** What is required **
For each line of the data below that holds "Women", copy the line.

** Source information **
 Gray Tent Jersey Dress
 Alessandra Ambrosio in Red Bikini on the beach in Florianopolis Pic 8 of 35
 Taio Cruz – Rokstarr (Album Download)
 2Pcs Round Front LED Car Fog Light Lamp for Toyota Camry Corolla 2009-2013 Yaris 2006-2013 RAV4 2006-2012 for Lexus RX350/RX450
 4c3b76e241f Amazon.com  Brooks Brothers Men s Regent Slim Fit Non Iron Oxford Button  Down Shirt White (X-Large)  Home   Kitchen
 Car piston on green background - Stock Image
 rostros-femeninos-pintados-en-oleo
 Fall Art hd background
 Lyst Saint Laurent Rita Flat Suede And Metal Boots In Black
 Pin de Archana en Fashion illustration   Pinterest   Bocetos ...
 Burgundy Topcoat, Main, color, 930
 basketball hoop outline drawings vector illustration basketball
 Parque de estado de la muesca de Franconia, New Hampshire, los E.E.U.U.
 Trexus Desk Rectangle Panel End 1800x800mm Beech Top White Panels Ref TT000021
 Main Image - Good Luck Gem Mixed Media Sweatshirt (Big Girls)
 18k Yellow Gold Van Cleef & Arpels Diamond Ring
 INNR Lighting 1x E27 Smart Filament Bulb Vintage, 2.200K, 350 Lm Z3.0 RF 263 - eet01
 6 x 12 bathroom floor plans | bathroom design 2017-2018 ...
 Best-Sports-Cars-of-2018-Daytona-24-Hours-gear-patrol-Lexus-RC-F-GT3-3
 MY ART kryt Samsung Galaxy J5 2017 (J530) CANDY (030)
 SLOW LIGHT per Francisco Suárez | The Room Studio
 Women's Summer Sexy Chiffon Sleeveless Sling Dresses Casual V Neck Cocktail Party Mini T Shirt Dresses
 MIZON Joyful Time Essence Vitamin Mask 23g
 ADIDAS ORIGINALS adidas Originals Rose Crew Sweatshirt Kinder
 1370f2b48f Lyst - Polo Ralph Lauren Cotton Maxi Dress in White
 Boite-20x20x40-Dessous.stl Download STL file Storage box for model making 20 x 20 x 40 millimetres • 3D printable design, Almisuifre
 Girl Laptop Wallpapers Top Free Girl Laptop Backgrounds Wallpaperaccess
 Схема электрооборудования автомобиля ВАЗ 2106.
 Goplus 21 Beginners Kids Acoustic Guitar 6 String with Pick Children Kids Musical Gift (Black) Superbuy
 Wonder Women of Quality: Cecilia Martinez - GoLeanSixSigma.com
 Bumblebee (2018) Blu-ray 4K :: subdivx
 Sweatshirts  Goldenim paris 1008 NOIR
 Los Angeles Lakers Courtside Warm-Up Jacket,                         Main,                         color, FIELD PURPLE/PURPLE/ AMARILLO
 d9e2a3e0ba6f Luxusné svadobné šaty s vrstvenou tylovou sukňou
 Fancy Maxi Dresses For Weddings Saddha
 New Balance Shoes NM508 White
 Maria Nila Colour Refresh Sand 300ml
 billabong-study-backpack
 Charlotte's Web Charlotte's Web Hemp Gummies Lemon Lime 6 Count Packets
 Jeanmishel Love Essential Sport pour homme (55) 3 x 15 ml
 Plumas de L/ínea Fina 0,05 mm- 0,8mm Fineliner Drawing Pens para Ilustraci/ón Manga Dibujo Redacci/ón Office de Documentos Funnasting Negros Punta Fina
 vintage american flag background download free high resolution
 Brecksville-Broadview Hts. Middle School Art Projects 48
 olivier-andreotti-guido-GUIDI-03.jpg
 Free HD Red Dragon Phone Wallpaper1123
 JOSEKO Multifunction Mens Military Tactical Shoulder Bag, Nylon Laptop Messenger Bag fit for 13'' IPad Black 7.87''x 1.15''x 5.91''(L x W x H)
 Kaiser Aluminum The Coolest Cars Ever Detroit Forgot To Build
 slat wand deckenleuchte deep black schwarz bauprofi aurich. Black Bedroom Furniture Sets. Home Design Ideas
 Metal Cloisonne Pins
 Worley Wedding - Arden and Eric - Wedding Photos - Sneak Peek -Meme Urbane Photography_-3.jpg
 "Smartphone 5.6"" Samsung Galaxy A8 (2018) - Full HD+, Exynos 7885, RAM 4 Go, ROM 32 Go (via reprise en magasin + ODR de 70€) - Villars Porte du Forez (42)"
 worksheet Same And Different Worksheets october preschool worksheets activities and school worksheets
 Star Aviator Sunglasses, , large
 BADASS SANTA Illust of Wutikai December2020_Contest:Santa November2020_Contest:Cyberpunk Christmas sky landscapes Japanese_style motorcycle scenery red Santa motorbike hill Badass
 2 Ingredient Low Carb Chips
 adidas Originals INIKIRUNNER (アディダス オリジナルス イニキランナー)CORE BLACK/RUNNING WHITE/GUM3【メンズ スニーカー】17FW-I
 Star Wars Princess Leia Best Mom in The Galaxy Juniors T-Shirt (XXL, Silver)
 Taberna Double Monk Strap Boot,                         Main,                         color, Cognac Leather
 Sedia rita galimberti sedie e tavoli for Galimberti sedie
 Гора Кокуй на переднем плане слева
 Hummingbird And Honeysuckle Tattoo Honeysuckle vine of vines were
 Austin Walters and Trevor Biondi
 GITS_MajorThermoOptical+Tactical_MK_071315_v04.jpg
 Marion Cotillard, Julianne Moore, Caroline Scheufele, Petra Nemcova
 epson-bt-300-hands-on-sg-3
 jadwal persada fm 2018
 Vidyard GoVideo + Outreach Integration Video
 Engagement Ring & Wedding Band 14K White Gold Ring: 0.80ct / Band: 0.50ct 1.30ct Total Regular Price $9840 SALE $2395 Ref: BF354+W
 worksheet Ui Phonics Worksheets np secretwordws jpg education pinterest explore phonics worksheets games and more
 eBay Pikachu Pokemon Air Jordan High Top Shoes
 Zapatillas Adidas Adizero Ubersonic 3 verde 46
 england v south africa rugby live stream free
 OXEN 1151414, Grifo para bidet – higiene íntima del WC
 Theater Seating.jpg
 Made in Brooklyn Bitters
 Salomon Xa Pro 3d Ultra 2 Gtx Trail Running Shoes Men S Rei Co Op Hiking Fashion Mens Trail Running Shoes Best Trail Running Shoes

** Response to the task **
 Women's Summer Sexy Chiffon Sleeveless Sling Dresses Casual V Neck Cocktail Party Mini T Shirt Dresses
 Wonder Women of Quality: Cecilia Martinez - GoLeanSixSigma.com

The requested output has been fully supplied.